Address third review pass:

- Remove the unlocked `context.steps[step_id]["output"] = …` writes in the
  fan-out parent update. context.steps[step_id] is the same dict object that
  set_step_output() updates under the run lock, so the direct (unsynchronized)
  mutation was redundant.
- Preserve sequential halt semantics under concurrency: a later in-flight item
  could overwrite state.status after the halting item was identified. _run_fan_out
  now derives the halting item's run status (item_halt_status, replacing the bool
  item_halted) and restores it after the pool joins, so the final status is the
  first halting item's outcome.
- Bound the pool: workers = min(max_concurrency, len(items)) and early-return for
  empty items, so a user-controlled max_concurrency can't over-allocate threads.

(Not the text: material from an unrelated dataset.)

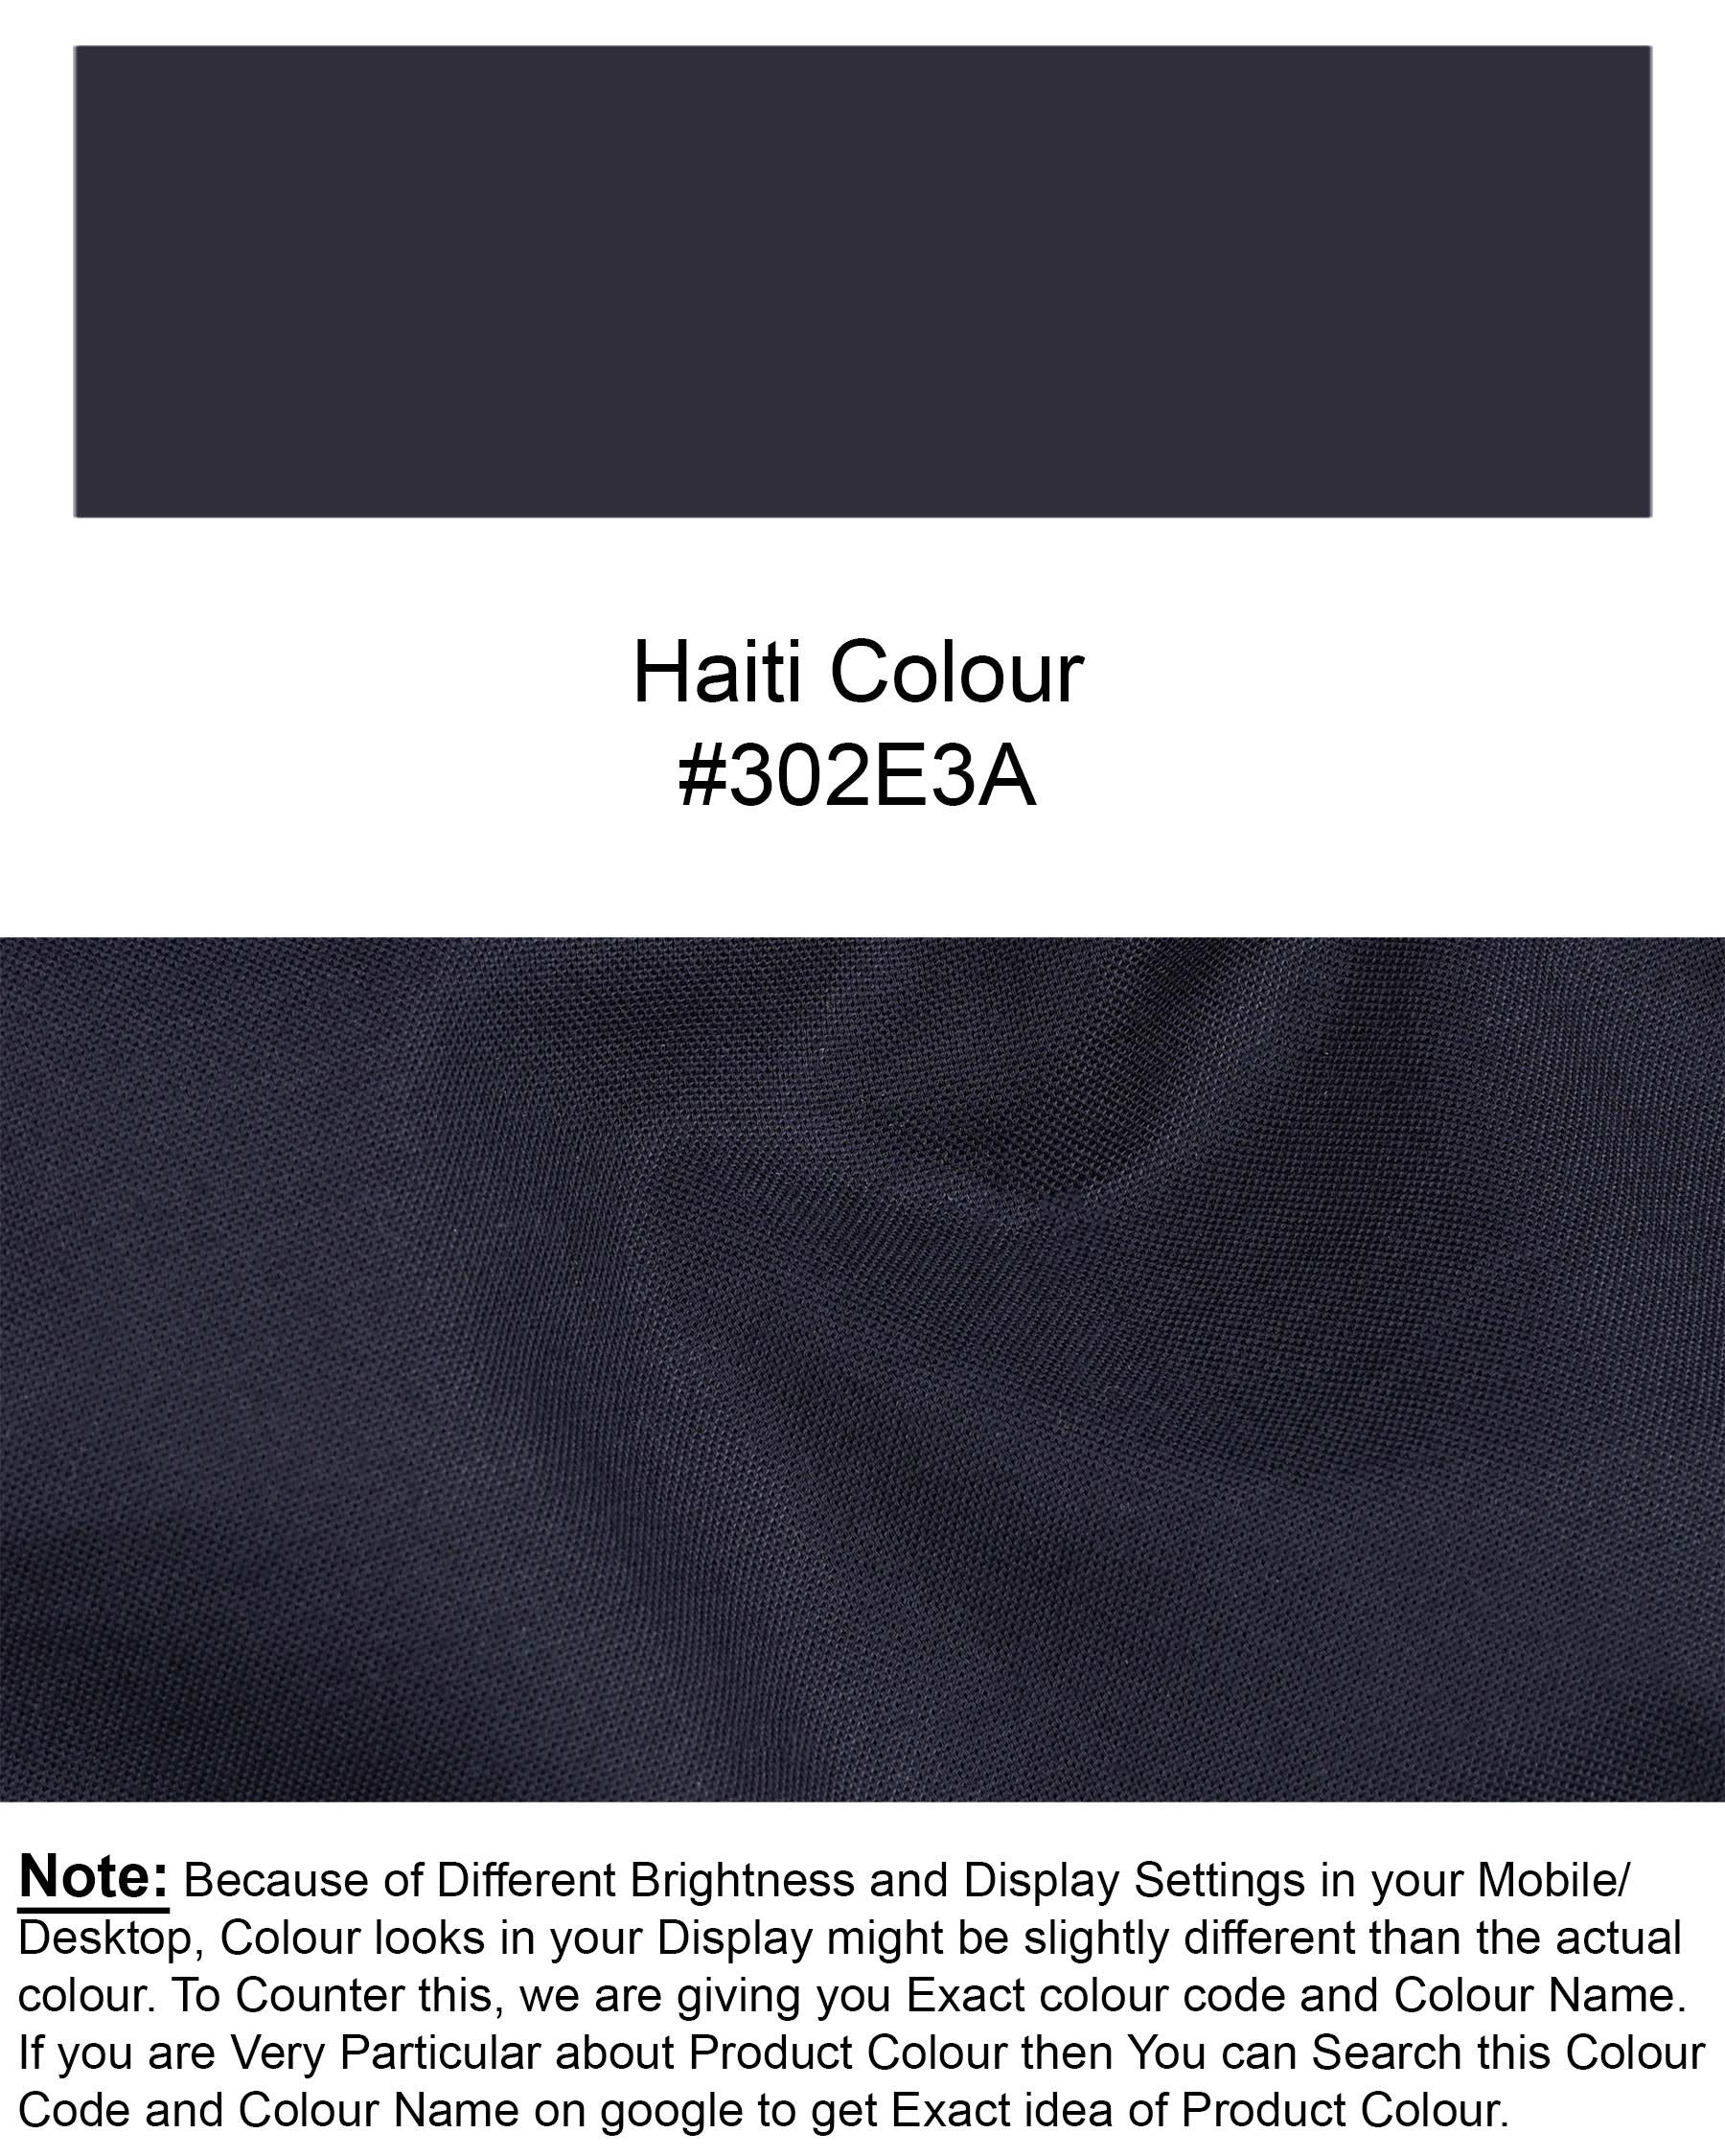 Haiti Blue Royal Oxford Lounge Pant LP185-28, LP185-30, LP185-32, LP185-34, LP185-36, LP185-38, LP185-40, LP185-42, LP185-44

Add coverage that an earlier PAUSED item's status wins over a later concurrent
FAILED item.

* feat(workflows): avoid unlocked context.steps writes when it aliases step_results

On a resume run, StepContext is built with steps=state.step_results, so the two
direct `context.steps[...] = ...` writes mutated the shared dict outside the run
lock and could race save(). Route both through a new _record_result helper that
mirrors into context.steps only when it is a distinct object (a fresh run) and
otherwise relies solely on record_step_result's locked write.